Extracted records
--------------------

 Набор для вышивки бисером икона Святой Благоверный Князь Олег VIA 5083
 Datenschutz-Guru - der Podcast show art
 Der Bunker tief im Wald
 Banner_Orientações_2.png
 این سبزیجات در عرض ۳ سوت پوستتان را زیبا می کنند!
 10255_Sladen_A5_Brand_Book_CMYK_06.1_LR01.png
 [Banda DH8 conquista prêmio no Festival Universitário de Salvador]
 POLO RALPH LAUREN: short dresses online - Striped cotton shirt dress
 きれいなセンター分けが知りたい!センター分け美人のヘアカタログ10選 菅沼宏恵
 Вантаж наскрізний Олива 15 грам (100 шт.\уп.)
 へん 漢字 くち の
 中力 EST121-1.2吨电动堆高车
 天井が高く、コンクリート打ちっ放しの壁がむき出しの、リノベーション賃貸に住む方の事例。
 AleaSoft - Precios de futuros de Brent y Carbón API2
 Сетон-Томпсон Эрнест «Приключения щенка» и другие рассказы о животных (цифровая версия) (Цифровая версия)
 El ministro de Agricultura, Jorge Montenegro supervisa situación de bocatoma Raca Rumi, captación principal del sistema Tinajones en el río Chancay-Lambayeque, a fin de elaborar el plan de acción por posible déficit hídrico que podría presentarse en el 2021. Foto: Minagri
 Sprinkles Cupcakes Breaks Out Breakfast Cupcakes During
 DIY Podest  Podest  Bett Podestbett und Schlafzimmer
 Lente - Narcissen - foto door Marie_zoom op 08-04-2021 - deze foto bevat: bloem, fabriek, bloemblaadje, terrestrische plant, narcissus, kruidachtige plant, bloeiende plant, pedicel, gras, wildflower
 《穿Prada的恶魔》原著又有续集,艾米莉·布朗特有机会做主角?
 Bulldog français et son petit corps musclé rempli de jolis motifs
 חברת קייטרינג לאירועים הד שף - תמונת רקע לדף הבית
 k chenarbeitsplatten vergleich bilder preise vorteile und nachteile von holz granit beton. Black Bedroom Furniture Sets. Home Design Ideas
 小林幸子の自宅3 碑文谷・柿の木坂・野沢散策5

--------------------

* _TASK DETAILS_
Reproduce the entries above exactly, starting at their first line and finishing with the line that contains "10255_Sladen_A5_Brand_Book_CMYK_06.1_LR01.png".

* _EXERCISE RESPONSE_
 Набор для вышивки бисером икона Святой Благоверный Князь Олег VIA 5083
 Datenschutz-Guru - der Podcast show art
 Der Bunker tief im Wald
 Banner_Orientações_2.png
 این سبزیجات در عرض ۳ سوت پوستتان را زیبا می کنند!
 10255_Sladen_A5_Brand_Book_CMYK_06.1_LR01.png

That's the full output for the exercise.